8.De inbeslaggenomen voorwerpen

8.1.
De vordering van de officier van justitie
De officier van justitie heeft gevorderd dat de inbeslaggenomen jas zal worden teruggegeven aan de beslagene en dat het mes verbeurd zal worden verklaard.
8.2.
Het standpunt van de verdediging
De verdediging heeft geen standpunt ingenomen over het beslag.
8.3.
Het oordeel van de rechtbank
Nu het belang van strafvordering zich daartegen niet meer verzet, zal de rechtbank de teruggave aan de beslagene, te weten [aangever 1] , gelasten van de op de beslaglijst onder 1 genoemde jas.
De rechtbank zal het op de beslaglijst onder 2 genoemde mes onttrekken aan het verkeer. Dit voorwerp is voor onttrekking aan het verkeer vatbaar, aangezien op grond van het onderzoek ter terechtzitting is vastgesteld dat strafbare feiten zijn begaan, welke feiten (feiten 1 en 2) met behulp van dit voorwerp zijn begaan en dit voorwerp van zodanige aard is dat het ongecontroleerde bezit daarvan in strijd is met de wet of met het algemeen belang.
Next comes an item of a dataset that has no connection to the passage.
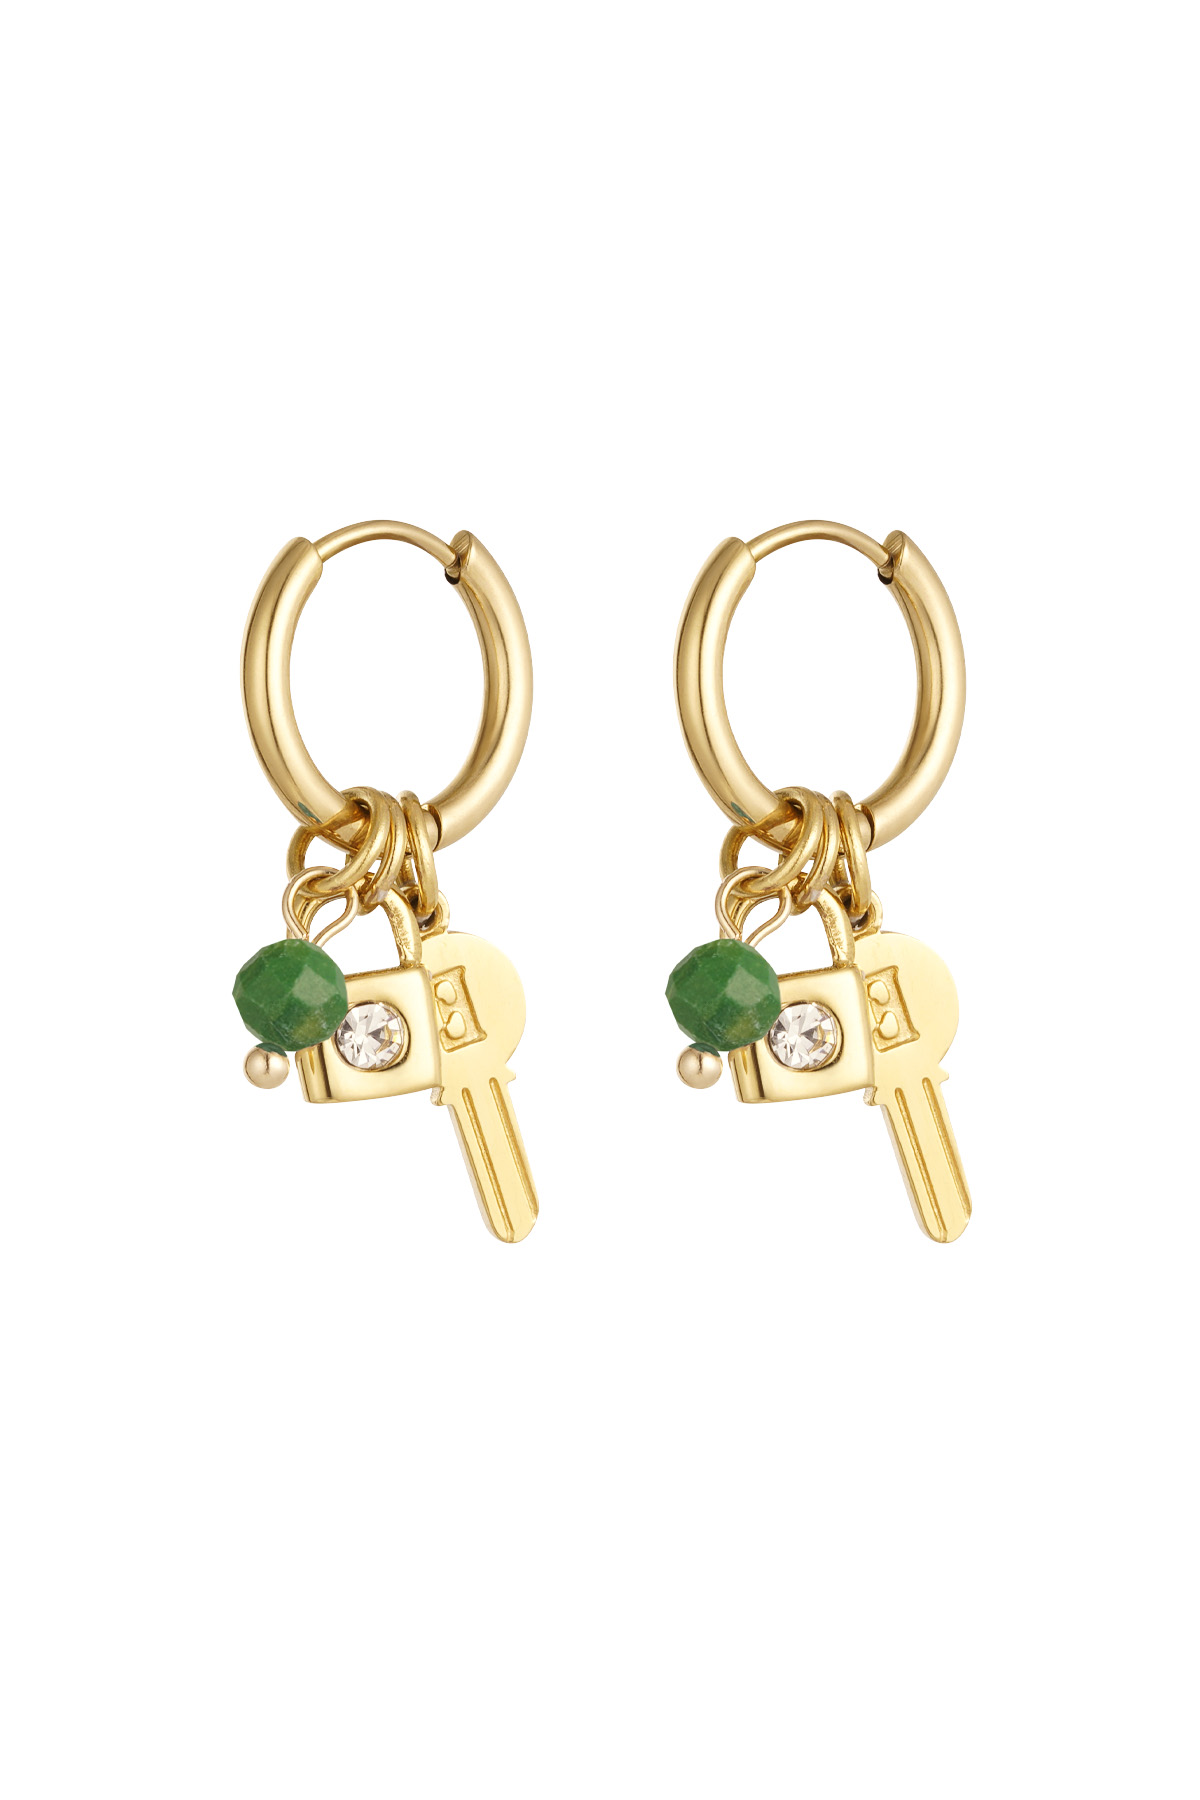 Boncuklu küpe anahtarı - altın/yeşil h5

9.De toepasselijke wetsartikelen

De op te leggen straf en maatregel zijn gegrond op de artikelen:
- 36b, 36c, 37a, 37b, 45, 285, 287 en 350 van het Wetboek van Strafrecht.
Deze voorschriften zijn toegepast, zoals zij ten tijde van het bewezen verklaarde rechtens golden dan wel ten tijde van deze uitspraak rechtens gelden.

6.De beslissing

De rechtbank:
verklaart wettig- en overtuigend bewezen, dat de verdachte de onder 1 (impliciet subsidiair), 2 en 3 ten laste gelegde feiten heeft begaan, zoals hierboven onder 3.5 bewezen is verklaard;
verklaart niet bewezen hetgeen aan de verdachte meer of anders is tenlastegelegd dan hierboven is bewezen verklaard en spreekt de verdachte daarvan vrij;
verklaart het bewezen verklaarde strafbaar en dat het bewezen verklaarde uitmaakt:
ten aanzien van feit 1 (impliciet subsidiair):
poging tot doodslag;
ten aanzien van feit 2:
bedreiging met enig misdrijf tegen het leven gericht;
ten aanzien van feit 3:
opzettelijk en wederrechtelijk enig goed dat geheel of ten dele aan een ander toebehoort, vernielen;
verklaart de verdachte ten aanzien van het bewezen verklaarde niet strafbaar en ontslaat de verdachte van alle rechtsvervolging;
gelast de terbeschikkingstelling van verdachte;
beveelt dat de verdachte van overheidswege zal worden verpleegd;
beslag
gelast de teruggave aan [aangever 1] van het onder hem inbeslaggenomen voorwerp, te weten 1 STK Jas (voorwerpnummer 3272713);
verklaart onttrokken aan het verkeer het inbeslaggenomen voorwerp, te weten 1 STK Mes (voorwerpnummer 3272706).
Dit vonnis is gewezen door
mr. L. Amperse, voorzitter,
mr. M.L. Harmsen, rechter,
mr. S.S. Buisman, rechter,
in tegenwoordigheid van mr. R. Loohuis, griffier,
en uitgesproken ter openbare terechtzitting van deze rechtbank van 30 september 2025.